- What is needed: Only one stretch of the data below is needed: the line with "Colour control has" through the last line. Output it exactly and drop the pictures.

- Data below:
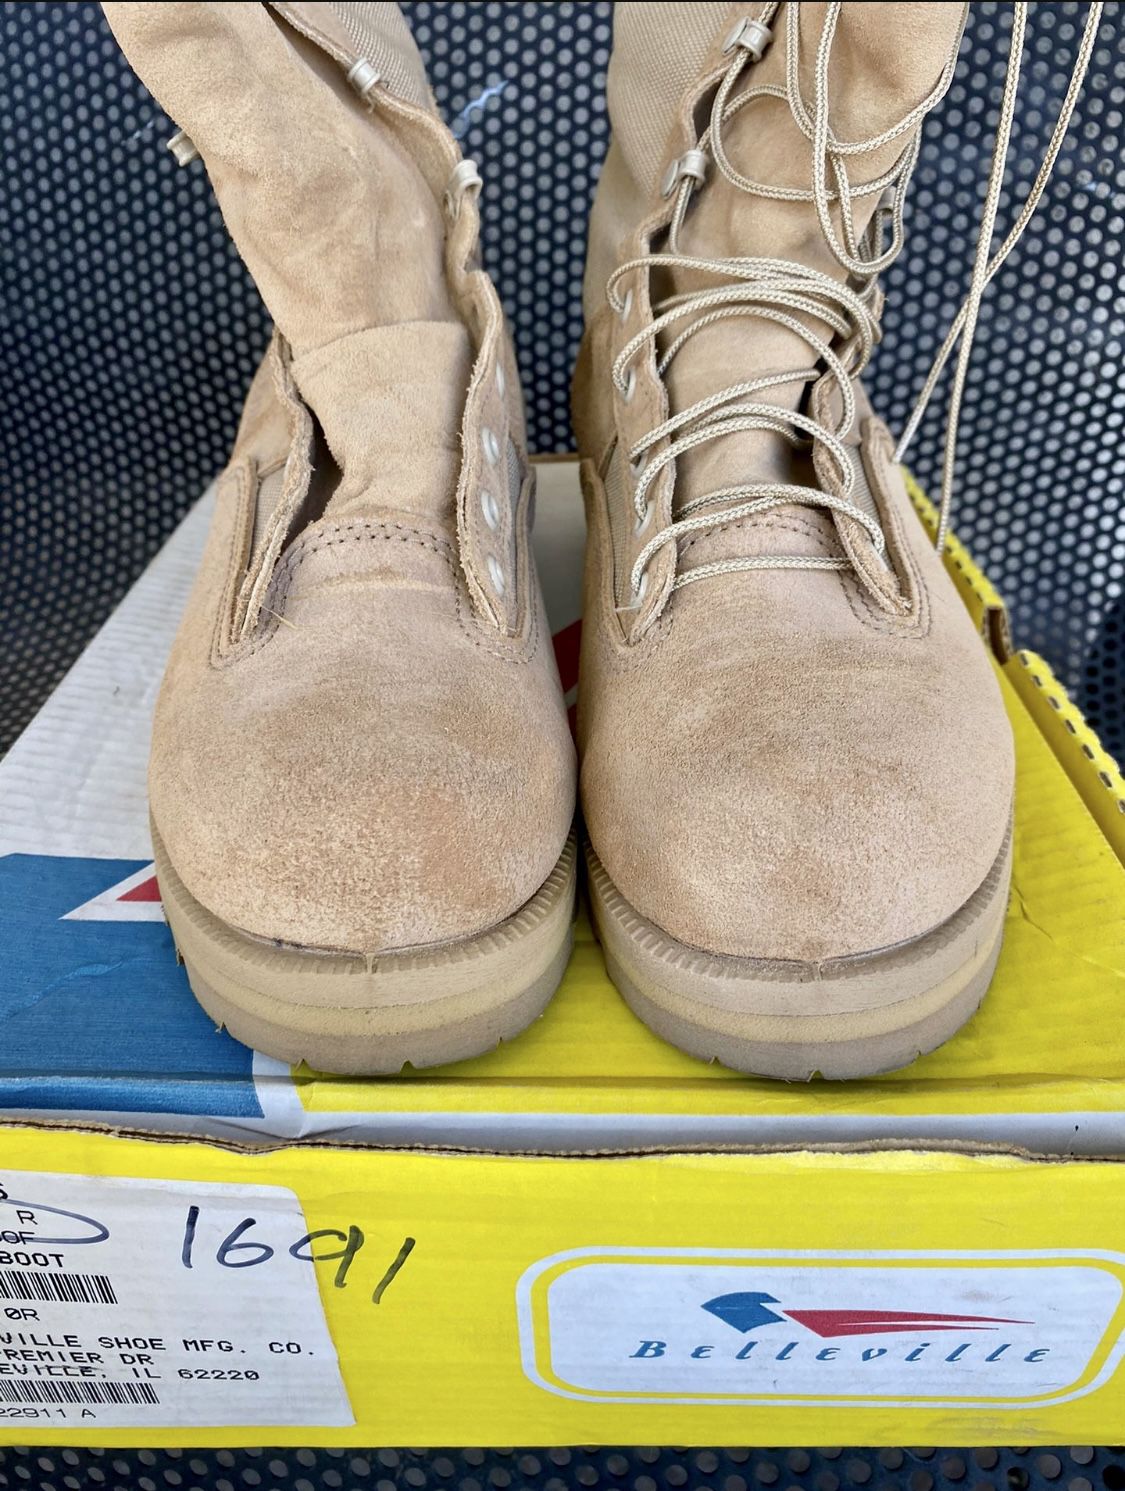 Belleville military boots size 11
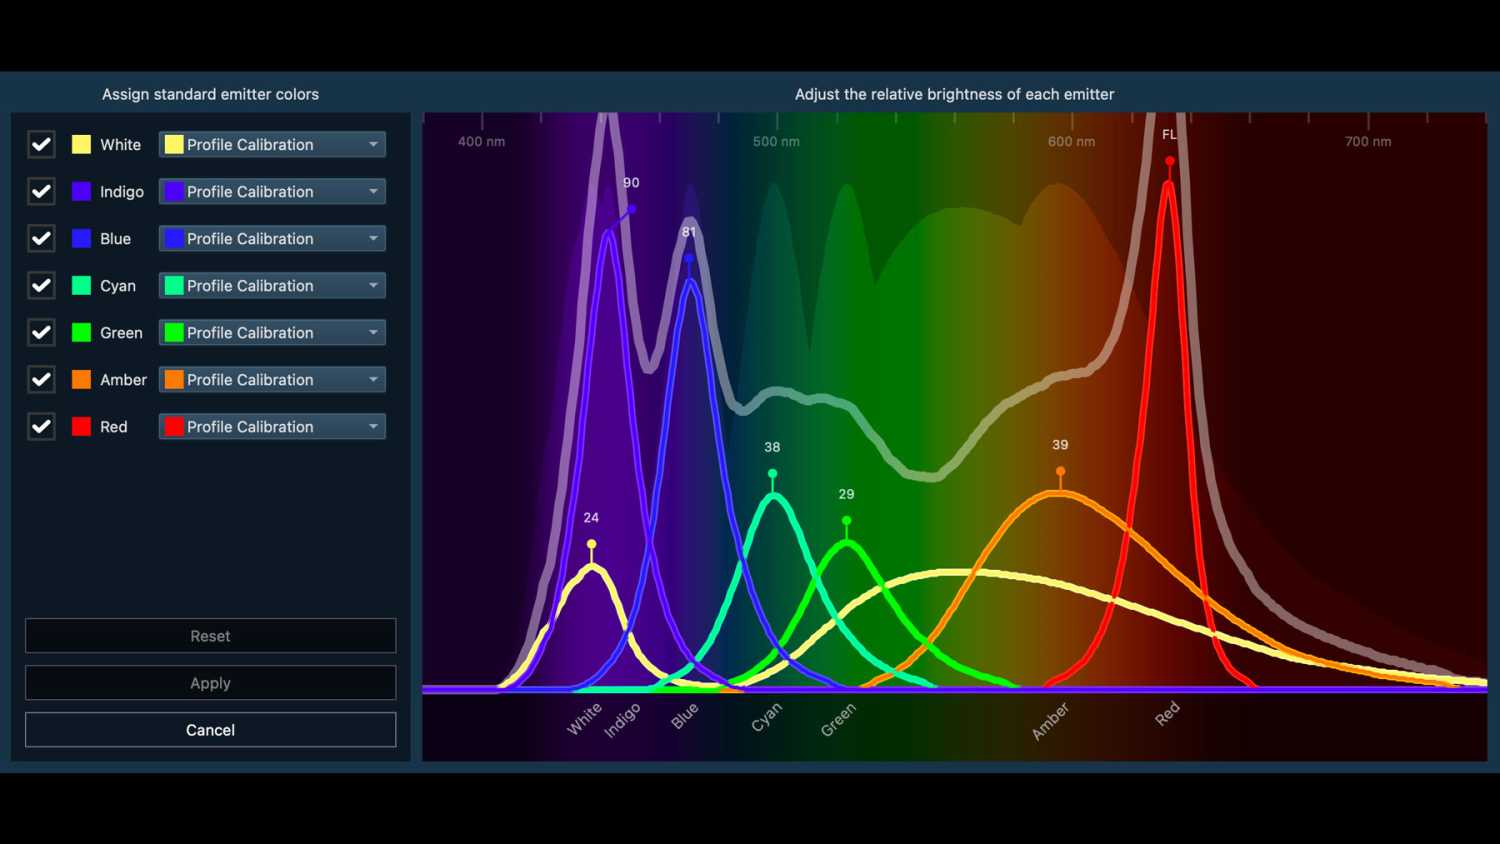 Colour control has received significant upgrades in the new software
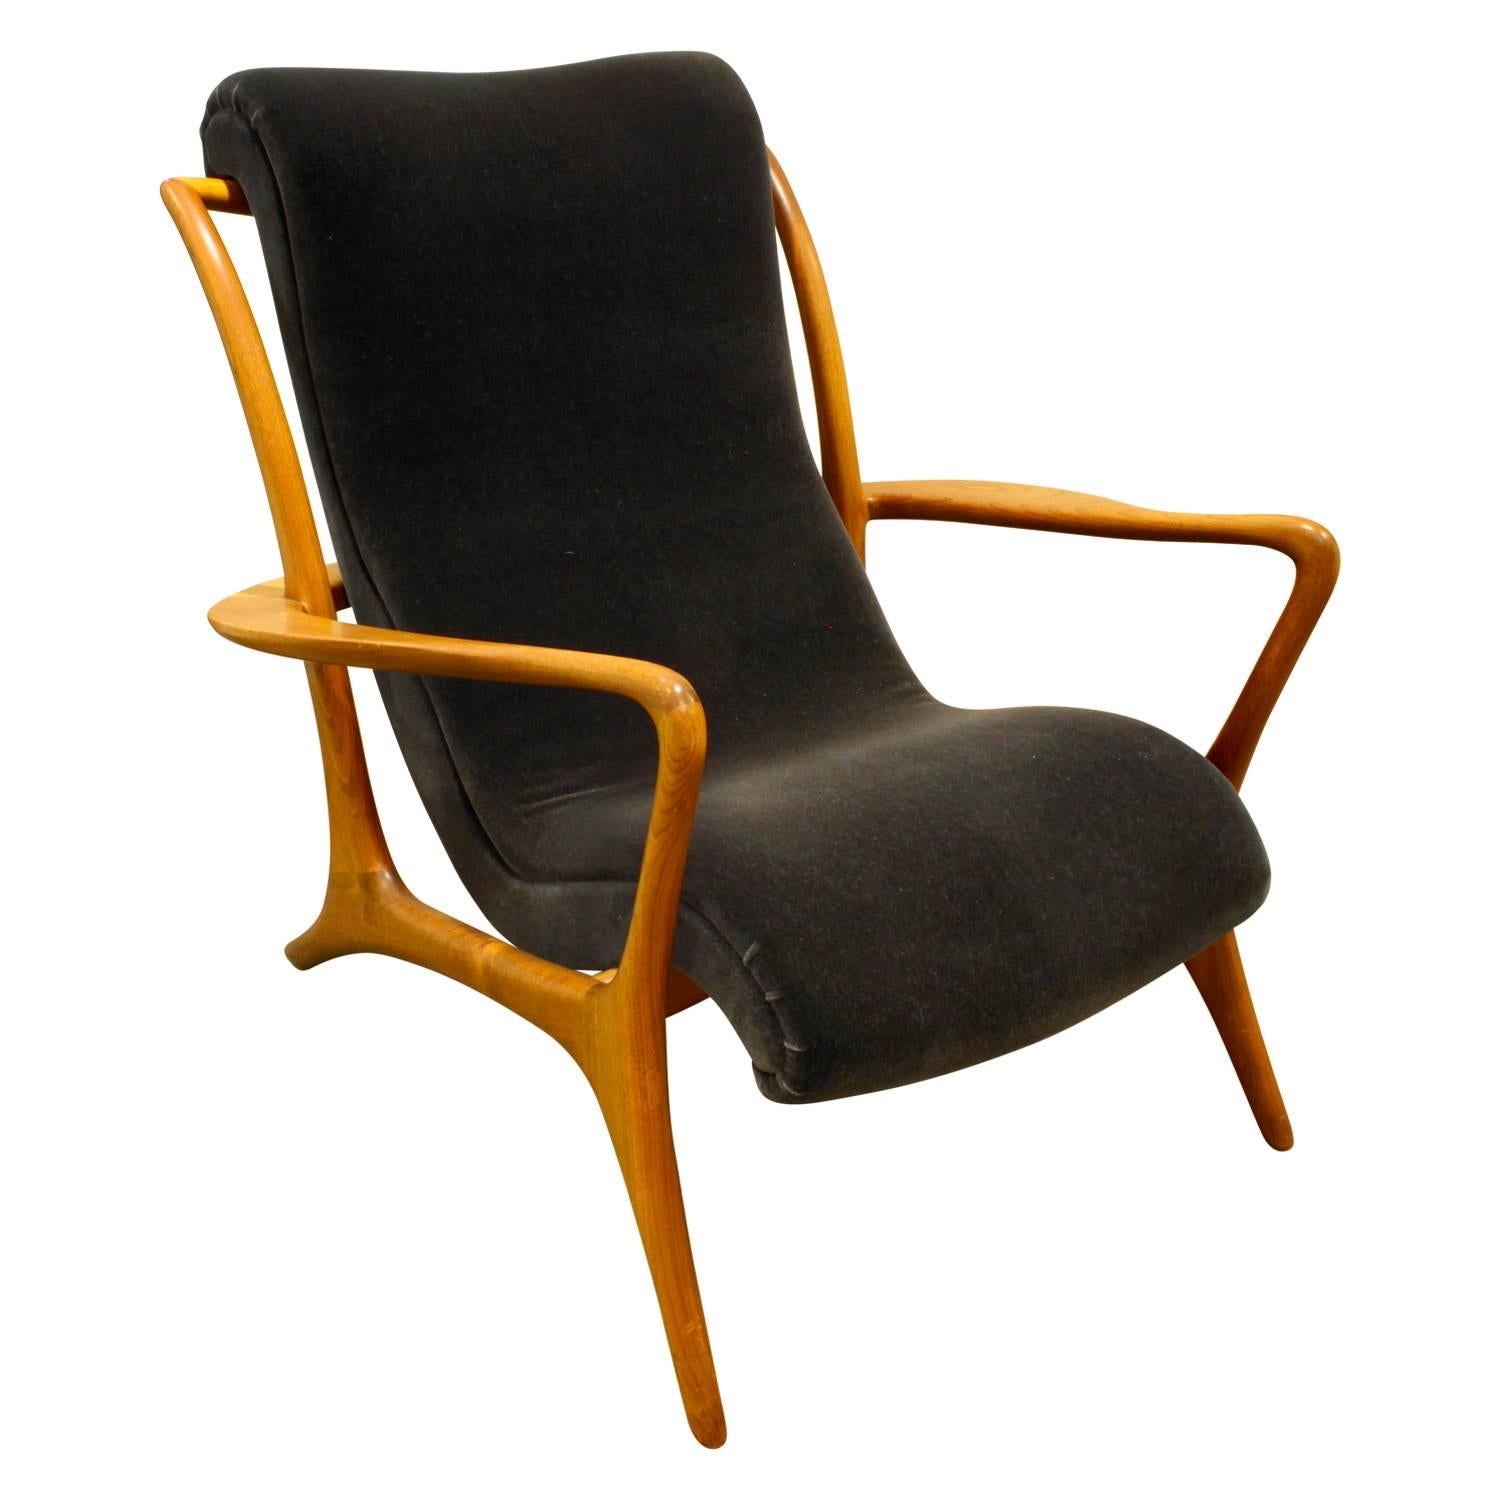 Sculpted walnut Contour chair newly upholstered in dark blue velvet by Vladimir Kagan, American, 1950s. This is an iconic Kagan design with meticulous craftsmanship.

- Response below:
 Colour control has received significant upgrades in the new software
 Sculpted walnut Contour chair newly upholstered in dark blue velvet by Vladimir Kagan, American, 1950s. This is an iconic Kagan design with meticulous craftsmanship.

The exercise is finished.